Erin's CS stuff

CS stuff!

C-style Strings

We use C-style strings to store language.

What is language? What makes "pizza" different from 🍕 or even "PZA"? What's the difference between "Erin Keith" and "EK"?

If we wanted to store a user's first and last initials in our program, we could use an array of type char and size 2 because initials are just one letter each for the first and last name. On the other hand, if we wanted to store a user's first and last names how many characters would we need? Turns out, there's not really a way to know in advance!

Syntax

Syntactically, C-style strings are just character arrays with one very important difference: they must include a null character [1]! The null character is an escaped character: \0. It signifies the end of a string, since we cannot know in advance how long it will be.

Speaking of which, since we cannot know how many letters are in a name or phrase, the accepted approach is to declare a character array of an arbitrarily large size, as in the declaration below.

#define STRING_CAPACITY 100

int main(){
	char c_style_string[STRING_CAPACITY];

Unlike other arrays, C-style strings can be incorporated directly into Formatted IO using a %s conversion specifier. As you can see below, this is the only time scanf does not need the & (I'll explain why soon!).

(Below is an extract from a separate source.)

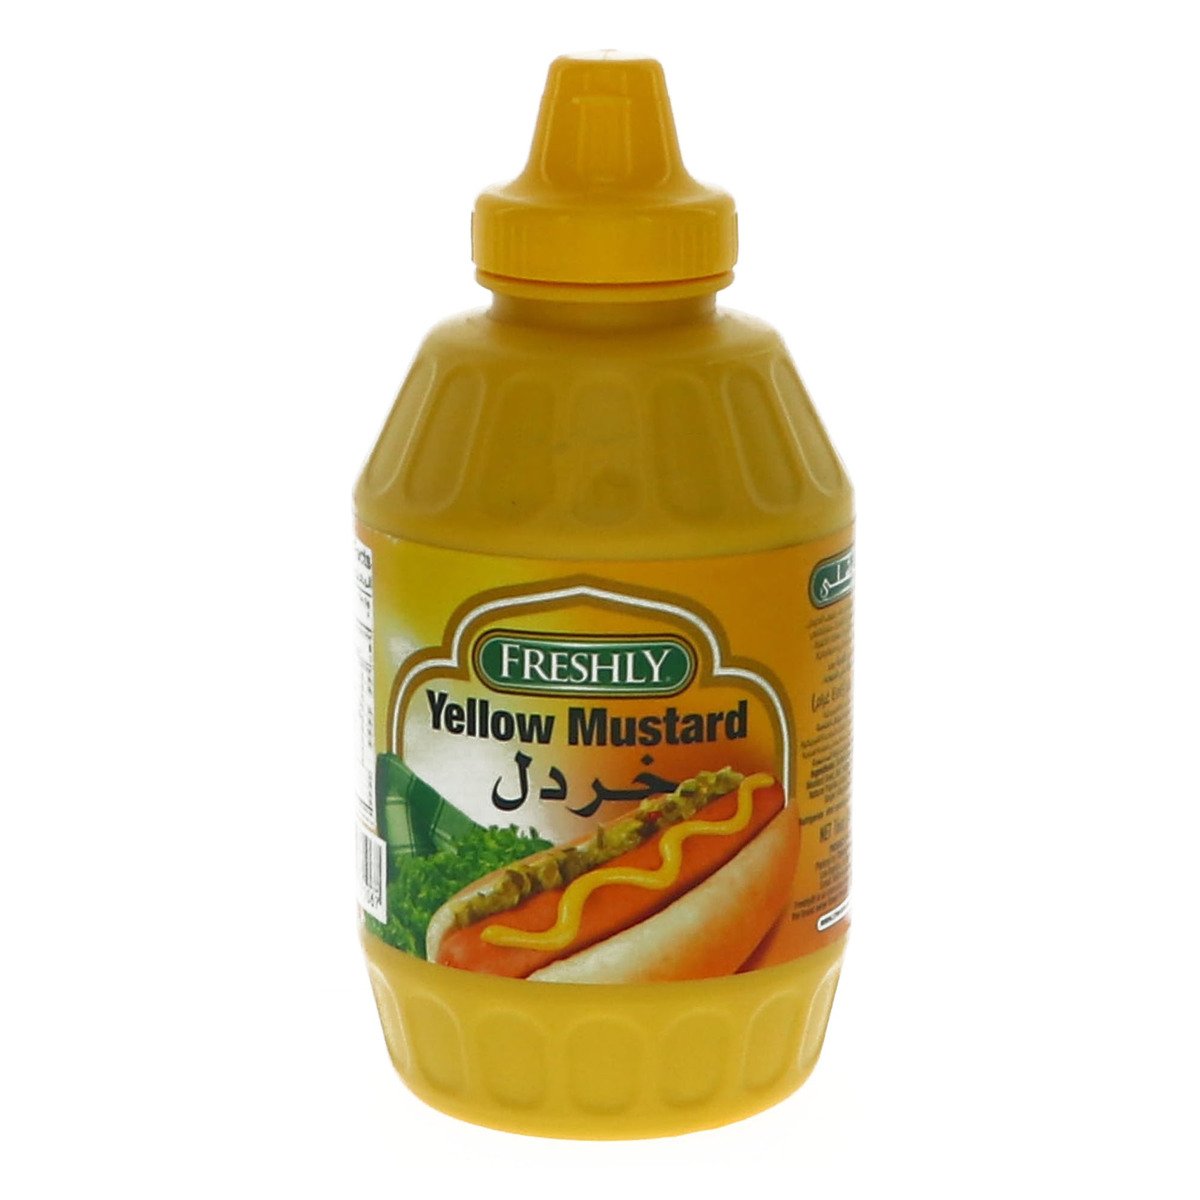 Freshly Yellow Mustard 6oz

With the exception of Formatted IO, the approach to acceesing the letter elements of C-style strings is the same as regular arrays, with one exception: the control condition. We must still use an array's bestie, the for loop, but instead of stopping at size (or capacity), the end of the C-style string is actually the null character \0, as demononstrated below.

for(int index = 0; c_style_string[index] != '\0'; index++){
  // loop body
}

It is very important to note that, syntactically, C-style strings are just a special case (or subset) of regular char arrays, the only difference being the use of the null character \0 to signify the end of the string within the array.

Behavior

The biggest difference between C-style strings and char is at an abstract level. For example, C-style strings would be appropriate for storing the make of a vehicle like Honda or Ford, since those are names and have different lengths. However, they would be the incorrect tool for storing a license plate number like 123-HUL, since that's more like a code with letters in it and should always have the same number of characters.

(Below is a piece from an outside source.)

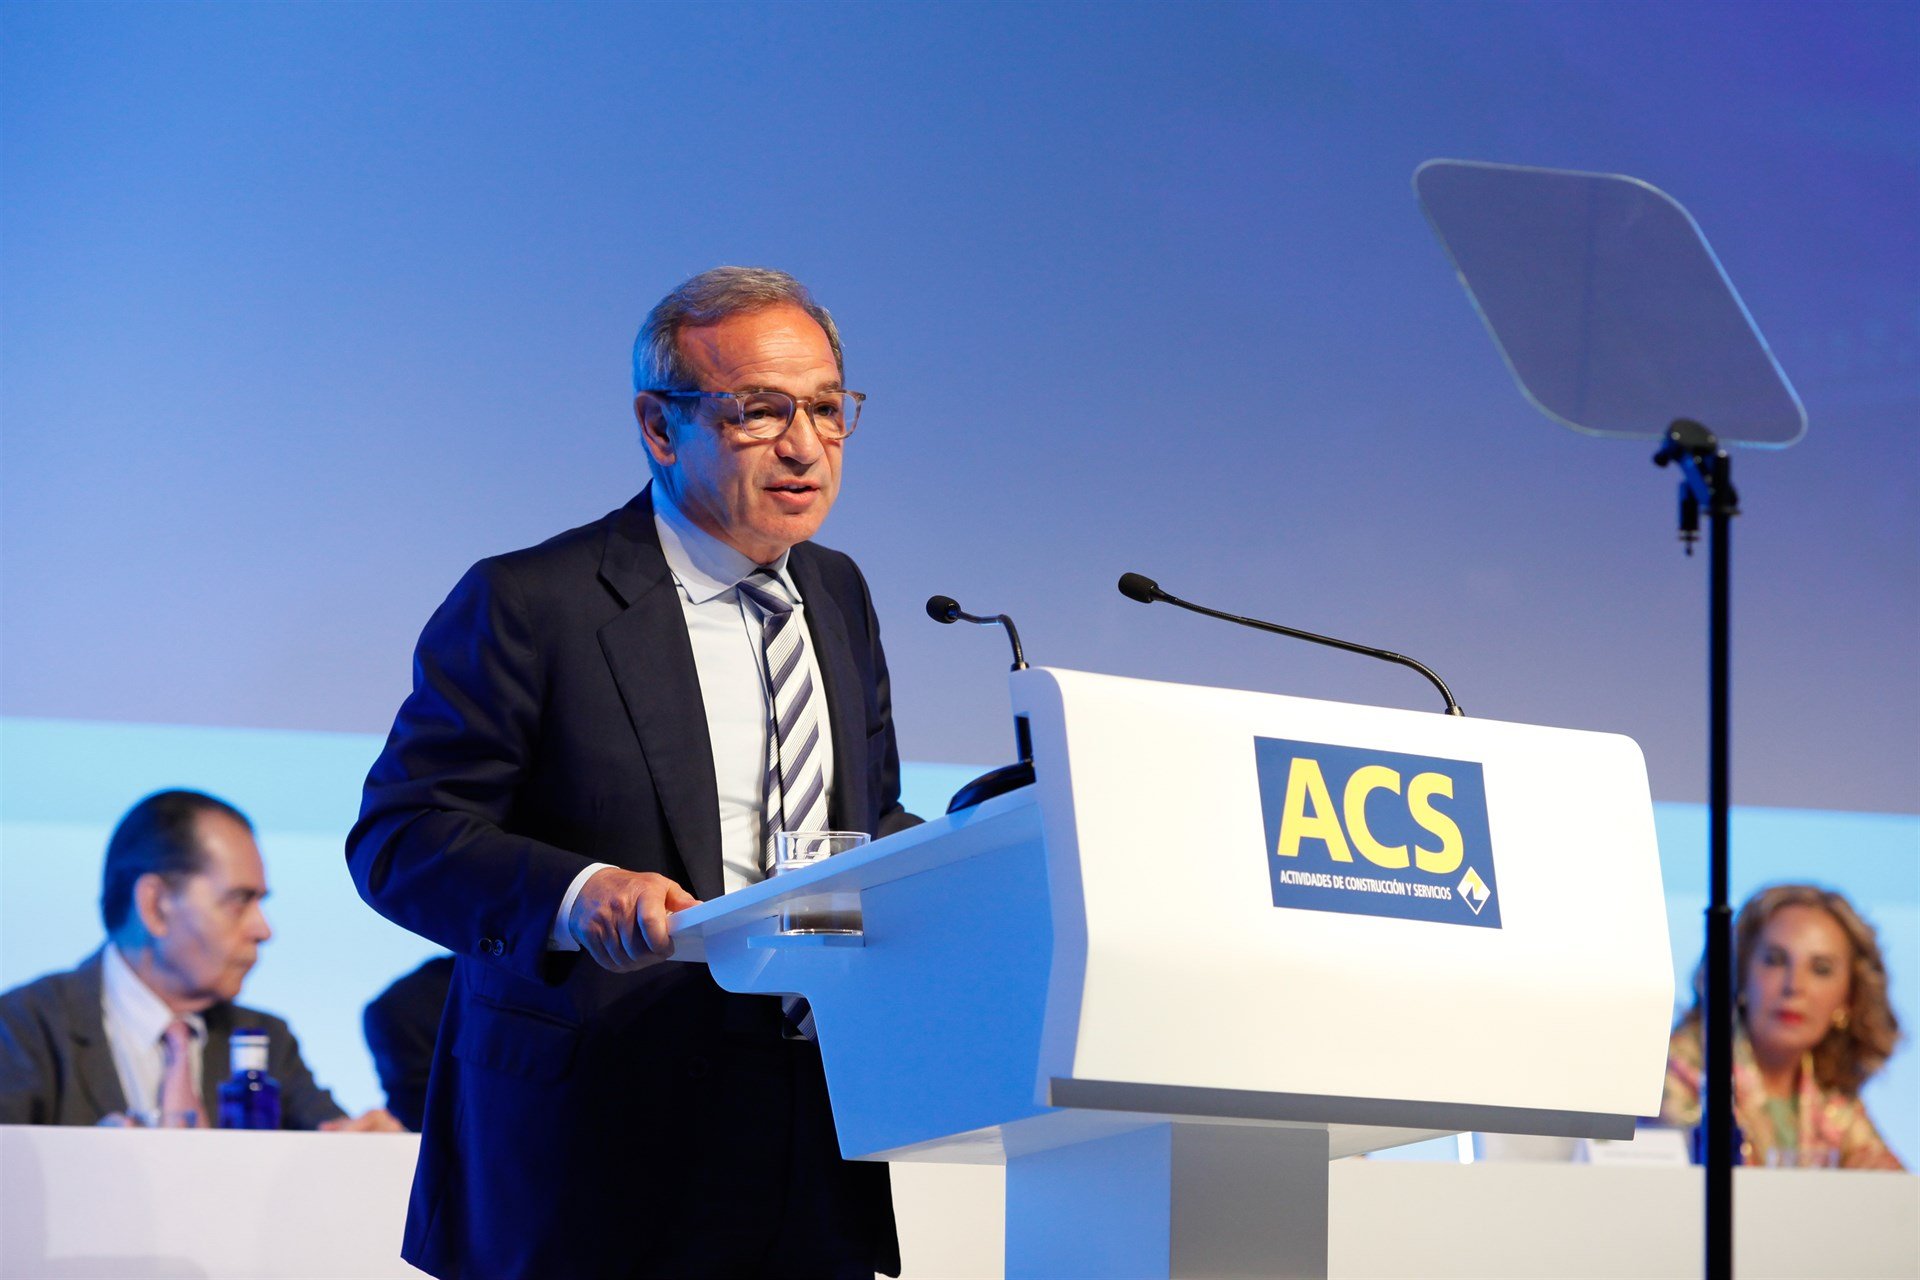 ACS i Atlantia augmenten el control sobre Abertis fins el 83,3% del capital

Additionally, while Array Behavior also applies to C-style strings, there are some differences to cover.

scanf

The scanf function stops at the first "blank space" character it encounters. This means it only allows us to store one word at a time. If the user enters a word shorter than the capacity, then the \0 (null character) is automatically stored after the last non-blank character entered.

fgets

The fgets function stops after the first endline character it encounters. This means it allows us to store multiple words at a time. Since it also uses the capacity, the \0 (null character) is automatically stored after the endline character or in the last element, whichever comes first. There are some additional differences in syntax that we'll go over in class, but you can get a head start here: https://en.cppreference.com/w/c/io/fgets.

Each of these tools work differently, so it's important to choose the right one for the job!


Creating New Strings

Finally, it's crucial to keep track of the null character \0 when you're creating your own C-style strings. For example, when creating a copy of a string in another character array, you'll have to add the null character \0 to the new string in the program after all of the characters have been copied.

Notes

1. Not be confused with the null pointer or endline character \n.